Symptoms: Certificate renewed successfully but browser still shows old/expired certificate.

Diagnostic steps:

# Check certificate files are updated
ls -la /etc/letsencrypt/live/<your-fqdn>/

# Verify Apache configuration points to correct files
grep SSLCertificate /etc/httpd/conf.d/ssl.conf

# Check Apache loaded the new certificate
systemctl status httpd

Solutions:

  • Reload or restart Apache: systemctl restart httpd
  • Clear browser cache and hard refresh (Ctrl+Shift+R)
  • Verify SSL configuration: apachectl -t -D DUMP_VHOSTS

Step 7 – Configure and Enroll in pSConfig

Enroll your toolkit host with the OSG/WLCG pSConfig service so tests are auto-configured. Use the "auto URL" for each FQDN you expose for perfSONAR (one or two depending on whether you split latency/throughput by hostname).

The easiest way to configure pSConfig is via the web interface:

  1. Navigate to: https://<your-hostname>/toolkit/admin?view=psconfig
  2. Click "Add Remote Configuration"
  3. Enter the auto URL: https://psconfig.opensciencegrid.org/pub/auto/<your-fqdn>
  4. Enable "Configure Archives" to automatically set up result archiving
  5. Save and restart the pSConfig agent

Option B: Command Line Configuration

Basic enrollment via command line:

# Add auto URLs (configures archives too) and show configured remotes
psconfig remote --configure-archives add \
    "https://psconfig.opensciencegrid.org/pub/auto/ps-lat-example.my.edu"

psconfig remote list

If there are any stale/old/incorrect entries, you can remove them:

psconfig remote delete "<old-url>"

Option C: Automated Enrollment Script

Automation tip: derive FQDNs from your configured IPs (PTR lookup) and enroll automatically.
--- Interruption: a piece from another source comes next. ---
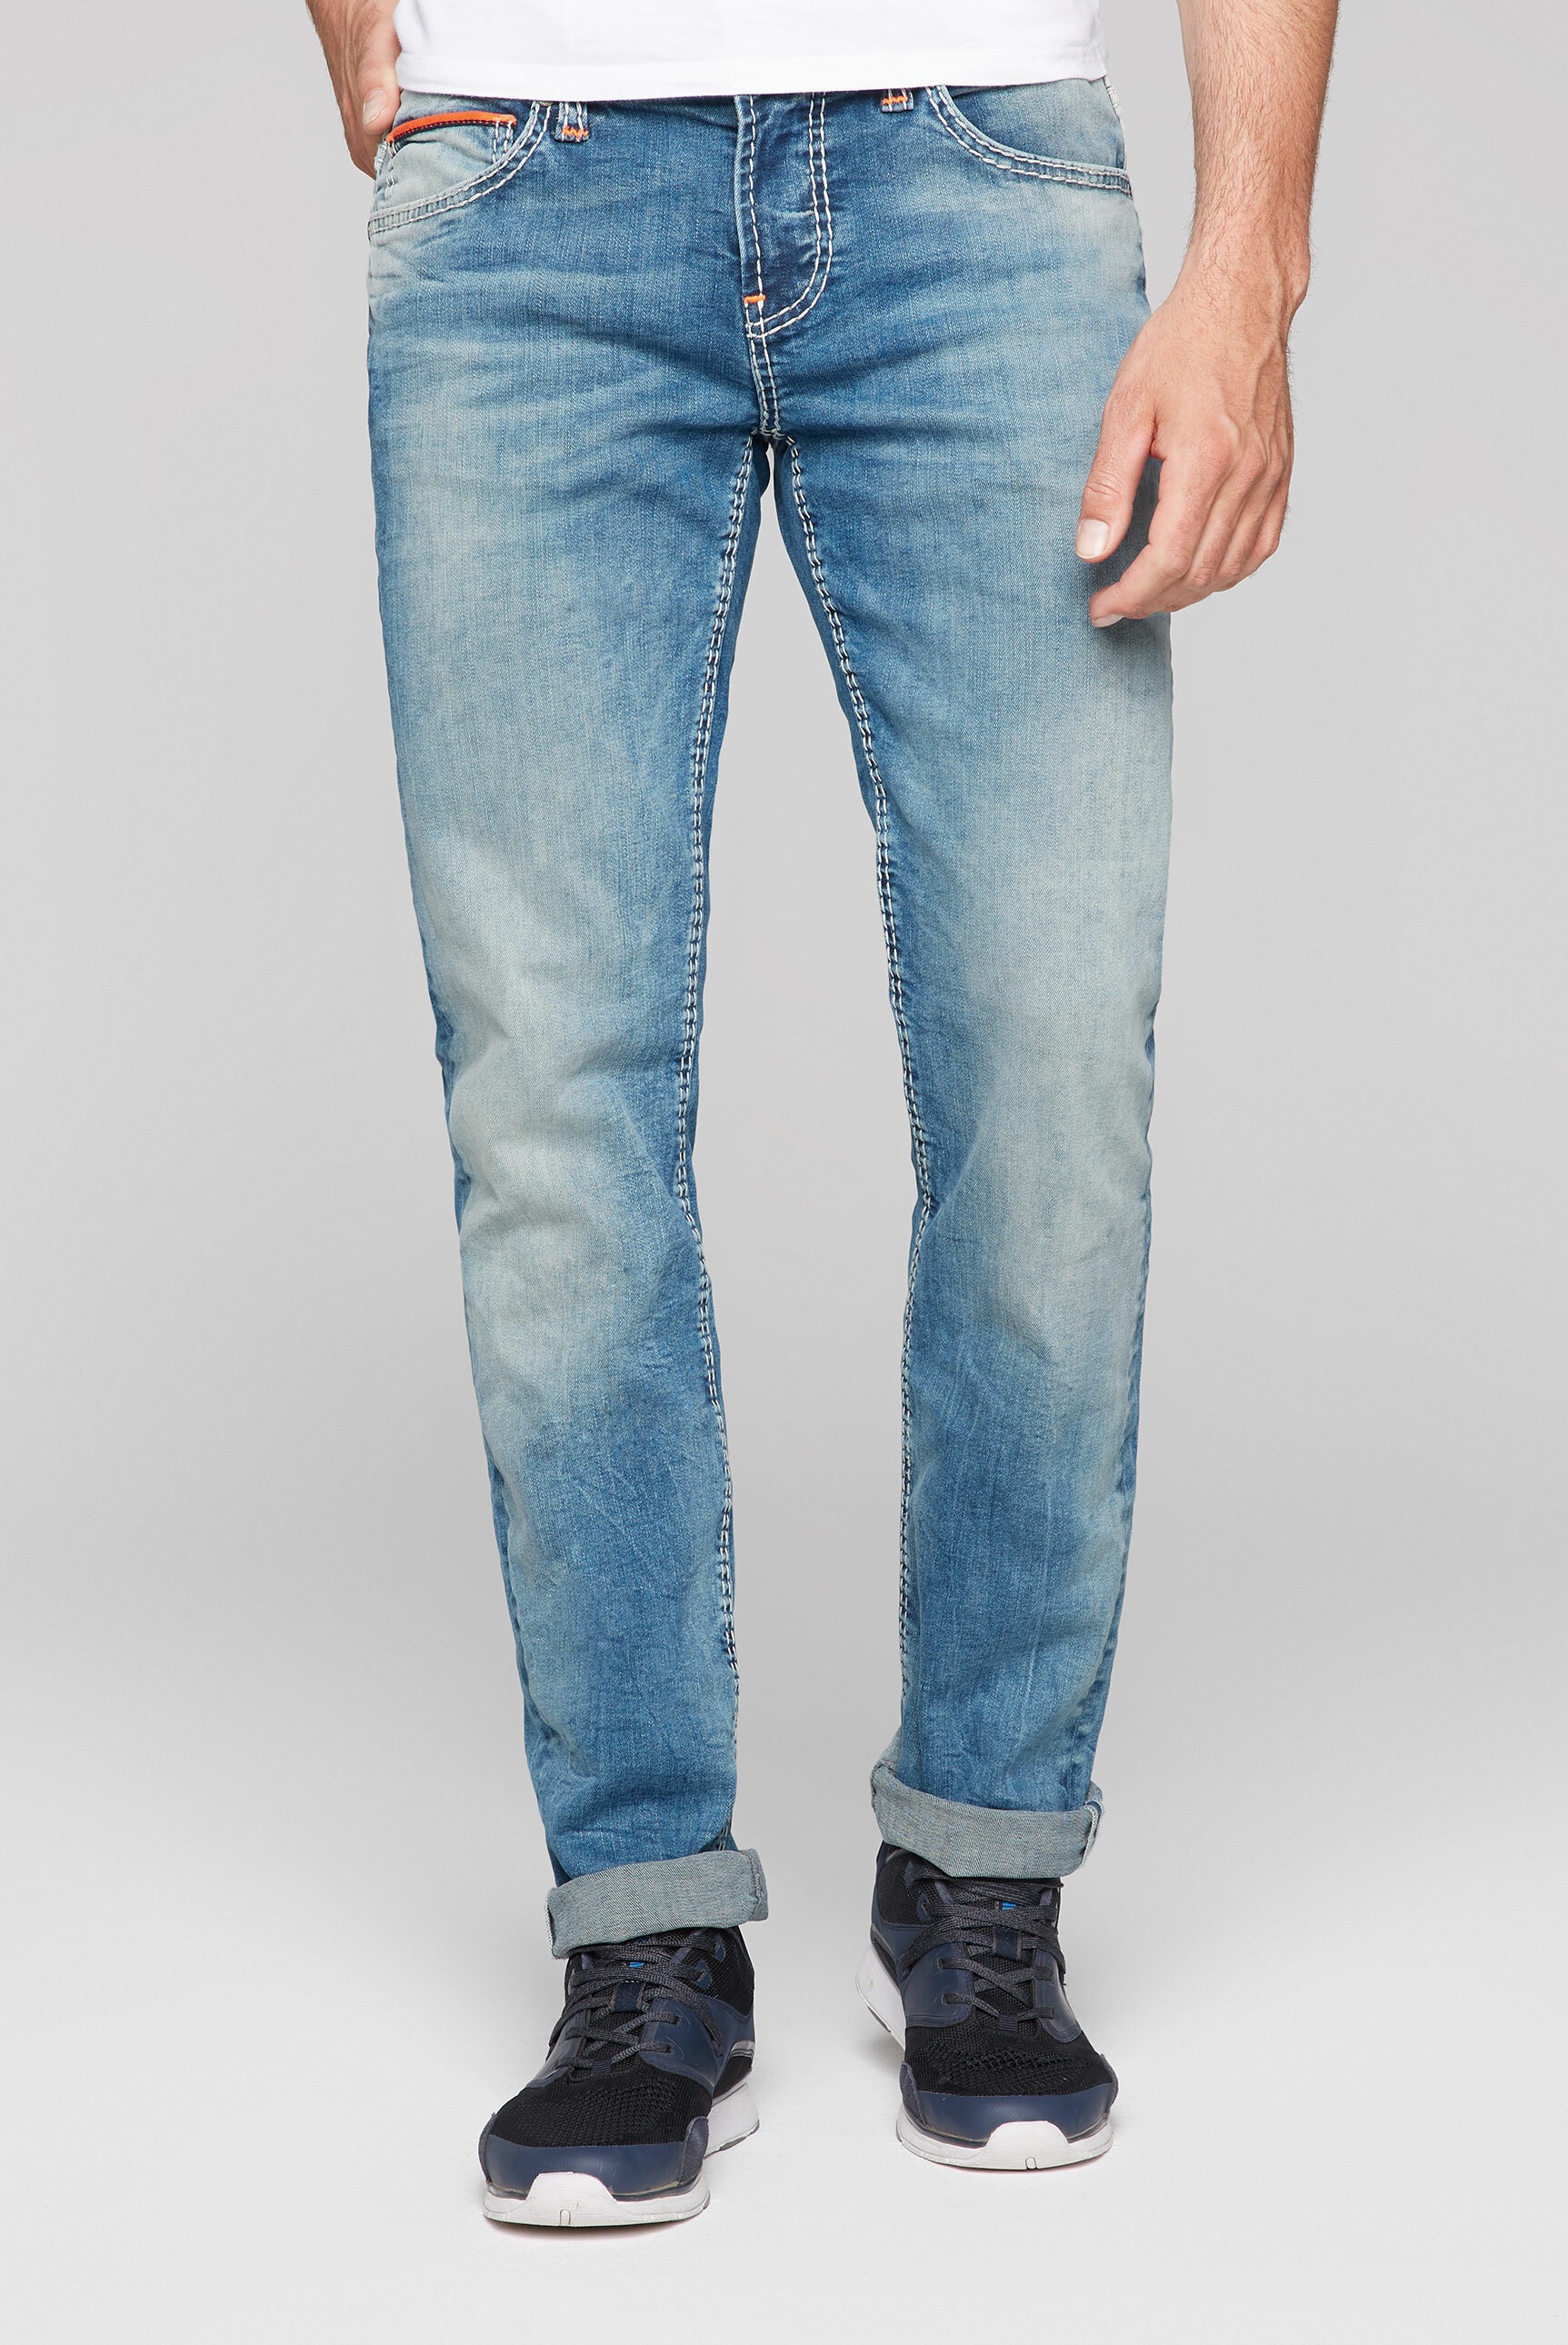 niedriger Leibhöhe kaufen mit Regular-fit-Jeans, CAMP DAVID

Review the list before applying.

For RPM Toolkit installs (non-container):

# Dry run only (show planned URLs):
/opt/perfsonar-toolkit/tools_scripts/perfSONAR-auto-enroll-psconfig.sh --local -n

# Apply enrollment:
/opt/perfsonar-toolkit/tools_scripts/perfSONAR-auto-enroll-psconfig.sh --local -v

# Verify configured remotes
psconfig remote list

For container-based installs:

# Dry run only (show planned URLs):
/opt/perfsonar-toolkit/tools_scripts/perfSONAR-auto-enroll-psconfig.sh -n

# Apply enrollment:
/opt/perfsonar-toolkit/tools_scripts/perfSONAR-auto-enroll-psconfig.sh -v

# Verify configured remotes
podman exec -it perfsonar-testpoint psconfig remote list
The auto enroll psconfig script details
  • Parses IP lists from /etc/perfSONAR-multi-nic-config.conf (NIC_IPV4_ADDRS / NIC_IPV6_ADDRS).
  • Performs reverse DNS lookups (getent/dig) to derive FQDNs.
  • Deduplicates while preserving discovery order.
  • Adds each https://psconfig.opensciencegrid.org/pub/auto/<FQDN> with --configure-archives.
  • Lists configured remotes and returns non-zero if any enrollment fails.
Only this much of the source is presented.